GitHub user zsxwing opened a pull request:
https://github.com/apache/spark/pull/15065
[SPARK-17463][Core]Add necessary memory barrier for accumulators
## What changes were proposed in this pull request?
Added `volatile` for fields that will be read in the heartbeat thread.
Without them, the worse case is the user cannot see any metric updates until a
task finishes.
Unfortunately, there will be a performance regression comparing to Spark
2.0.0. Note: in Spark 1.6, accumulators have a volatile value, so there should
not be any performance regression comparing to 1.6.

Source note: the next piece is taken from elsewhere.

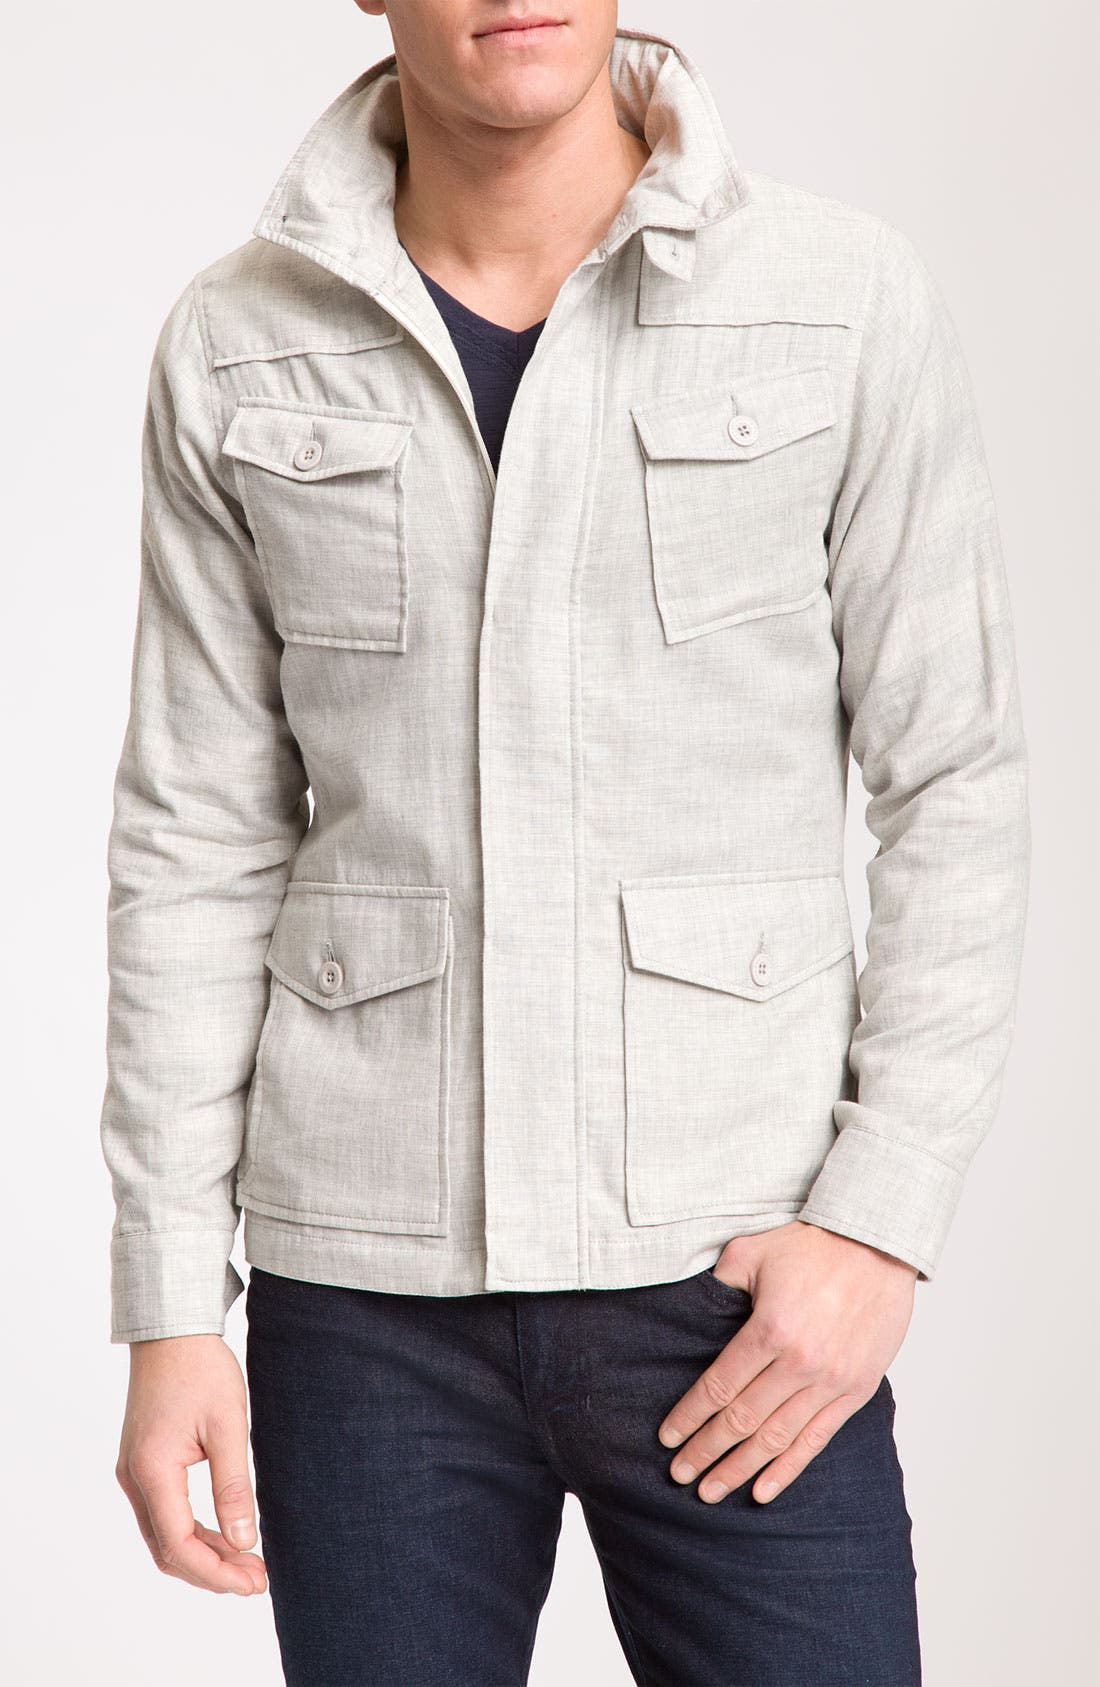 Alternate Image 1 Selected - Kane & Unke Trim Fit Cotton Jacket

To reduce the performance lost caused by `volatile`, there are two
alternative ways:
1. Use `AtomicXXX.lazySet` to update a metric value. The eventually set
should be enough for metrics. There are some comparison numbers in
http://psy-lob-saw.blogspot.com/2012/12/atomiclazyset-is-performance-win-for.html
. However, this will increase the metric object size a lot.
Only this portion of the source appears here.